И что глубокая ночь непривычным рассеяна светом, —

Нового видят триумфа они лучезарные знаки,

И содрогнулись в душе, задрожав от знамений нежданных,

И вот уж мрачная вся, приводящая в трепет пещера

В смутном смятении всюду от недр глубочайших до высей

Дрогнула и под землею волна Флегетонта застыла;

Остановили свой бег и Коцита бродячие струи.[119]

Затрепетали владыки теней, задрожали внезапно

80 Сто Эвменид[120] и поднялись их волосы в кольцах змеиных,

И от грозной руки лучезарные скипетры пали;

В страхе тризевную пасть закрыл исполинский привратник;

Множество чудищ, какие в ужасной темнице Аверна[121]

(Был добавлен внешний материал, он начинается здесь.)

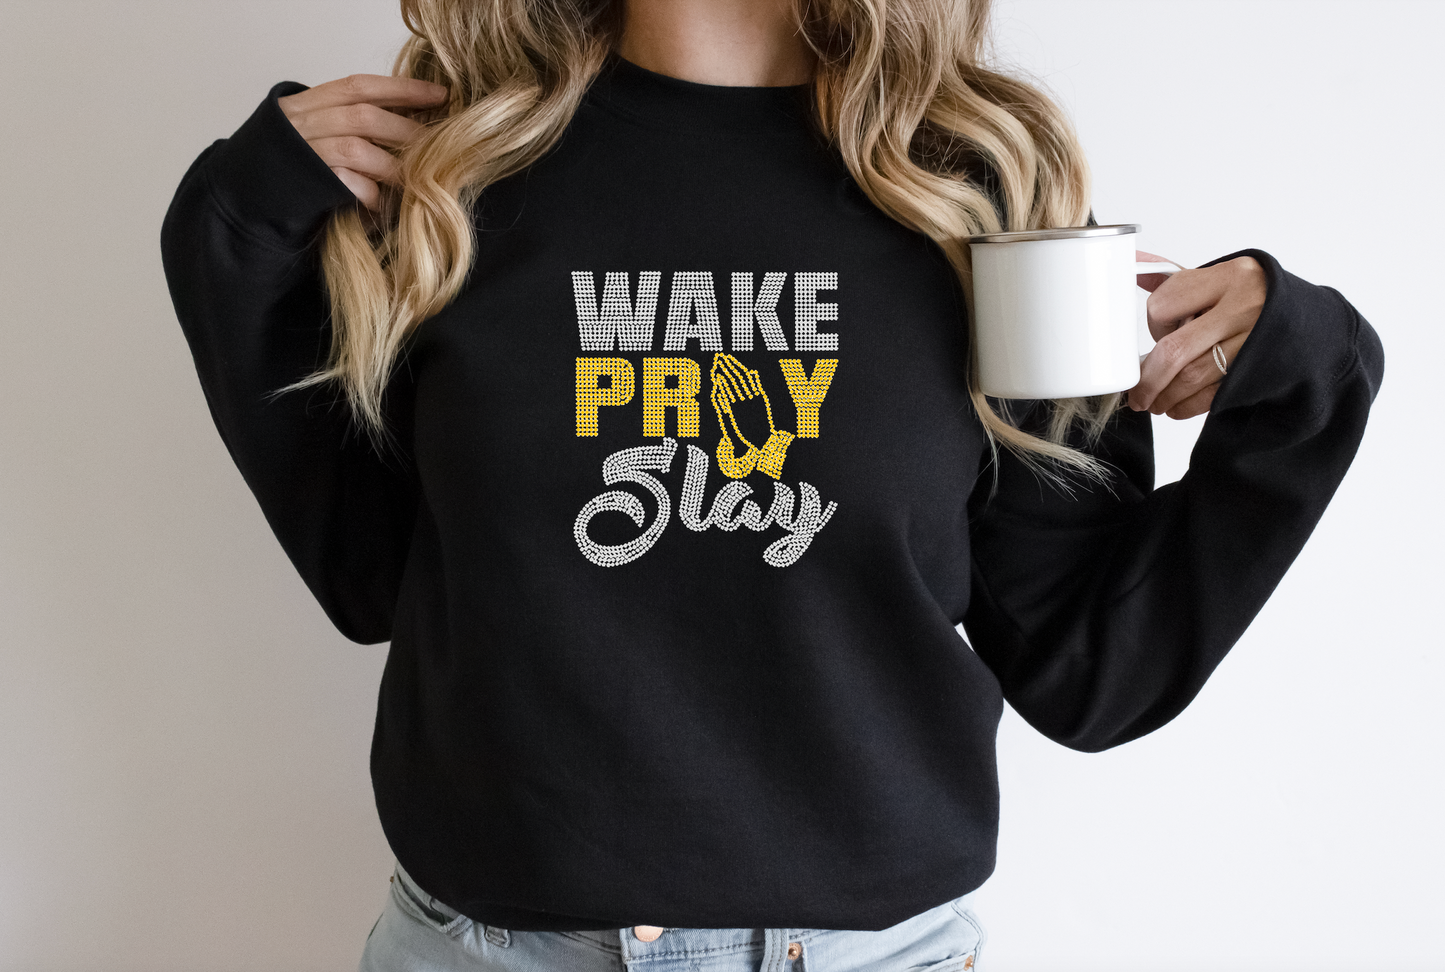 Wake Pray Slay Rhinestone hoodies/sweatshirts

Место имеют свое, побледнели от хладного страха.

И, потрясенные трижды крутящимся вихрем, жилища

Тартара все задрожали и — дивно промолвить такое —

Трижды в молчании мрака мычание гнусное было;

И в глубочайших пещерах возник ужасающий отзвук.

Он ведь рыдал, дикий зверь, что пришел на него поражатель,

90 Алчную глотку его лишить поглощенной добычи,

И завывал он уже в предвкушении страшных триумфов.

Мало того, величайший сам царства теней повелитель,

Затрепетавший в душе и пасть едва приоткрывший,

Оцепенел, побледнел и застыл со трепетом в сердце:

Что эти знаменья все предвещают чудовищам новым,

Он хоть отчасти и знал, но не ведал о всем достоверней.

Разумом он постигает вещания мудрых пророков

Древних о боге, который грядет, чтобы плотью святою

Слезный род искупить во спасение павшему миру, —

100 Так они пели, сокрыты двусмысленной тенью Завета.

Он понимает с тревогой, сколь мощные дива когда-то

Бога свидетельством были, сокрытого в немощной плоти.

Сам, не вдали находясь, он увидел своими глазами,

Как человек на кресте испускал последние вздохи

И как природа внезапно, о древних забывши законах,

В ужасе вся содрогнувшись, безвинную смерть осудила.

И уже вновь, схоронив в глубине существа свою ярость,

Хладный, он задрожал, и стон из груди его вышел;

Длилось недолго медленье, безмолвье он скоро нарушил

110 И обратился к своей он когорте со скорбною речью:

«Часто же эти злодейства наш ум приводили в смятенье,

Храбрые спутники, ибо поистине тот вероломный,

Тайно в обличье чужом подползая, нежданные дива

Миру являл непреклонный и делал великие знаки.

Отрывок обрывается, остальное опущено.